Work instruction: Range to output from the entries below: the line containing "5 carat tennis necklace price" through the line containing "Klassisch Jeans mit". Set it down exactly, ends included, nothing else.
Segment Open
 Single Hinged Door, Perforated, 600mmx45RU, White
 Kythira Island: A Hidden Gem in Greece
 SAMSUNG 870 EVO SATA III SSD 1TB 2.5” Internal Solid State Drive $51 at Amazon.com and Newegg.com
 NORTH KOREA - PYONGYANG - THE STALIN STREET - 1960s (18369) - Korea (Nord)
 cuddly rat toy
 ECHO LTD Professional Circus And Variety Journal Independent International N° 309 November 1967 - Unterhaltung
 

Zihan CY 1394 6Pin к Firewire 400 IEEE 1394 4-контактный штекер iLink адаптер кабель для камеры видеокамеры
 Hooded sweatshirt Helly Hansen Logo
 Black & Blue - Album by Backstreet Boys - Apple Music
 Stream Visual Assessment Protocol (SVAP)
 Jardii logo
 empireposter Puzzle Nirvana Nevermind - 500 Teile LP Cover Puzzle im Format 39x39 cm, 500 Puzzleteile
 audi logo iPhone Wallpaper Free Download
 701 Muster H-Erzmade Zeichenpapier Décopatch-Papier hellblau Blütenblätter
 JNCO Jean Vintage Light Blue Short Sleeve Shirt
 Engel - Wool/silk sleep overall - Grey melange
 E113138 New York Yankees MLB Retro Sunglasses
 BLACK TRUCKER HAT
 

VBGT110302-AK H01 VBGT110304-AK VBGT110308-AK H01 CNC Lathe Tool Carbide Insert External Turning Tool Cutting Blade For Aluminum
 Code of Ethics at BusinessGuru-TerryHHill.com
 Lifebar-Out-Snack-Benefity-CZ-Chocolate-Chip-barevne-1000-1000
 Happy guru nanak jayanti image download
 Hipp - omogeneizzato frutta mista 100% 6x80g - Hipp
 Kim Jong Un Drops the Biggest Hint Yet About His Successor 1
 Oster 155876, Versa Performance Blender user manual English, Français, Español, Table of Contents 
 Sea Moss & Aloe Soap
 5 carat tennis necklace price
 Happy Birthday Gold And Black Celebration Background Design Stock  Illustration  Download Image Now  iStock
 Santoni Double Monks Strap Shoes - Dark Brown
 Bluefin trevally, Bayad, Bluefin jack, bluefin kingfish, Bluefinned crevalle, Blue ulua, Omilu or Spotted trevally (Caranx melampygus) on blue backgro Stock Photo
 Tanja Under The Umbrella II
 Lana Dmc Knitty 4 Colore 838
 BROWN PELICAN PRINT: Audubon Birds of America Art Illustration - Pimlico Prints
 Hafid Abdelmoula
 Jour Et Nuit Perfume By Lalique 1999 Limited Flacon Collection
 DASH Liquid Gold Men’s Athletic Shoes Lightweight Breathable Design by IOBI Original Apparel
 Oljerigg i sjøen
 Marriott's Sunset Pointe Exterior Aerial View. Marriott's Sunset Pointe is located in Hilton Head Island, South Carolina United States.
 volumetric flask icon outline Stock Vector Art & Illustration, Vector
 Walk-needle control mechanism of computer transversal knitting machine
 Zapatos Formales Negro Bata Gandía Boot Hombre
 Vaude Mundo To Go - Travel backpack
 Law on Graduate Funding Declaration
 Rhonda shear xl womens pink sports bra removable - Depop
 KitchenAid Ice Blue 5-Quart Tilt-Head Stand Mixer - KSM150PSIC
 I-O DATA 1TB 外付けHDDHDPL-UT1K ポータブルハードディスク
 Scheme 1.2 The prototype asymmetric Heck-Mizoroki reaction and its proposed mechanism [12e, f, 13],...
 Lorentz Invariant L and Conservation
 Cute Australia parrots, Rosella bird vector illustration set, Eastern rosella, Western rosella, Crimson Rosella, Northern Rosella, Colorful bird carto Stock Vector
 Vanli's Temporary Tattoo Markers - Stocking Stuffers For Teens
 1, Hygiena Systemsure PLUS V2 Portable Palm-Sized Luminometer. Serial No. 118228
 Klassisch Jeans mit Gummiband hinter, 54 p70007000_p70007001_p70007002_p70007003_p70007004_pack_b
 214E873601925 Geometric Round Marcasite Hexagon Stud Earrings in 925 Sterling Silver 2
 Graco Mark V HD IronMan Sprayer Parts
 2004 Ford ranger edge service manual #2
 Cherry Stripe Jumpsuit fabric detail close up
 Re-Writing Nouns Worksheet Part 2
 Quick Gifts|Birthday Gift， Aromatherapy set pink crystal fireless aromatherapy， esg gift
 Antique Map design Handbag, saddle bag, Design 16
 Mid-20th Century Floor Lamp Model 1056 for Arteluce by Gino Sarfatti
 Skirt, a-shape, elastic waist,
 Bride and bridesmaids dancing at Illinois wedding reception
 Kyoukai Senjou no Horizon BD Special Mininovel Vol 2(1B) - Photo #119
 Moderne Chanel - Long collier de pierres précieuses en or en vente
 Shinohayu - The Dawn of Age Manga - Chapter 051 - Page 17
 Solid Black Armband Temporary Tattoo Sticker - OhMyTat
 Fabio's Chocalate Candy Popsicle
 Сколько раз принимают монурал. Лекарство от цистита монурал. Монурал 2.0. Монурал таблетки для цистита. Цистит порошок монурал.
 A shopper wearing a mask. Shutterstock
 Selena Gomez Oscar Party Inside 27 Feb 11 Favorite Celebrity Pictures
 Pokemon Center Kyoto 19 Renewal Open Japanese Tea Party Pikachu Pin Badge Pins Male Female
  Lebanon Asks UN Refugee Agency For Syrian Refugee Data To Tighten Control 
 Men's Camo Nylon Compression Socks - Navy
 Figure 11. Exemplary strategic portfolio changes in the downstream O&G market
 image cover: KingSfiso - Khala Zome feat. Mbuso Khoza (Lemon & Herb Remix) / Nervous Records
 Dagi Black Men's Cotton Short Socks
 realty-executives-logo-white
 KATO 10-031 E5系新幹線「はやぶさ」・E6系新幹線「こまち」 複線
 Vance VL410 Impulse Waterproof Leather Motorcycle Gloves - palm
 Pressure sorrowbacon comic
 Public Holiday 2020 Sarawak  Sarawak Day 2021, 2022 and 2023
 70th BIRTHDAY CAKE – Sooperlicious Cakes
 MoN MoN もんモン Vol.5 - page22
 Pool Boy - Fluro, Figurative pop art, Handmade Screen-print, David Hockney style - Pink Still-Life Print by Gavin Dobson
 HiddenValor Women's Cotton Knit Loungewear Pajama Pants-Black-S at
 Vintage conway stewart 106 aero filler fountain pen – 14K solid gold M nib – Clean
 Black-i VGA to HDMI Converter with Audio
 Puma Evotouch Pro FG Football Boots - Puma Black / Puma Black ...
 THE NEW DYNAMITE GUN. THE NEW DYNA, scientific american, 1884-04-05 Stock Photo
Segment Closed
Result:
 5 carat tennis necklace price
 Happy Birthday Gold And Black Celebration Background Design Stock  Illustration  Download Image Now  iStock
 Santoni Double Monks Strap Shoes - Dark Brown
 Bluefin trevally, Bayad, Bluefin jack, bluefin kingfish, Bluefinned crevalle, Blue ulua, Omilu or Spotted trevally (Caranx melampygus) on blue backgro Stock Photo
 Tanja Under The Umbrella II
 Lana Dmc Knitty 4 Colore 838
 BROWN PELICAN PRINT: Audubon Birds of America Art Illustration - Pimlico Prints
 Hafid Abdelmoula
 Jour Et Nuit Perfume By Lalique 1999 Limited Flacon Collection
 DASH Liquid Gold Men’s Athletic Shoes Lightweight Breathable Design by IOBI Original Apparel
 Oljerigg i sjøen
 Marriott's Sunset Pointe Exterior Aerial View. Marriott's Sunset Pointe is located in Hilton Head Island, South Carolina United States.
 volumetric flask icon outline Stock Vector Art & Illustration, Vector
 Walk-needle control mechanism of computer transversal knitting machine
 Zapatos Formales Negro Bata Gandía Boot Hombre
 Vaude Mundo To Go - Travel backpack
 Law on Graduate Funding Declaration
 Rhonda shear xl womens pink sports bra removable - Depop
 KitchenAid Ice Blue 5-Quart Tilt-Head Stand Mixer - KSM150PSIC
 I-O DATA 1TB 外付けHDDHDPL-UT1K ポータブルハードディスク
 Scheme 1.2 The prototype asymmetric Heck-Mizoroki reaction and its proposed mechanism [12e, f, 13],...
 Lorentz Invariant L and Conservation
 Cute Australia parrots, Rosella bird vector illustration set, Eastern rosella, Western rosella, Crimson Rosella, Northern Rosella, Colorful bird carto Stock Vector
 Vanli's Temporary Tattoo Markers - Stocking Stuffers For Teens
 1, Hygiena Systemsure PLUS V2 Portable Palm-Sized Luminometer. Serial No. 118228
 Klassisch Jeans mit Gummiband hinter, 54 p70007000_p70007001_p70007002_p70007003_p70007004_pack_b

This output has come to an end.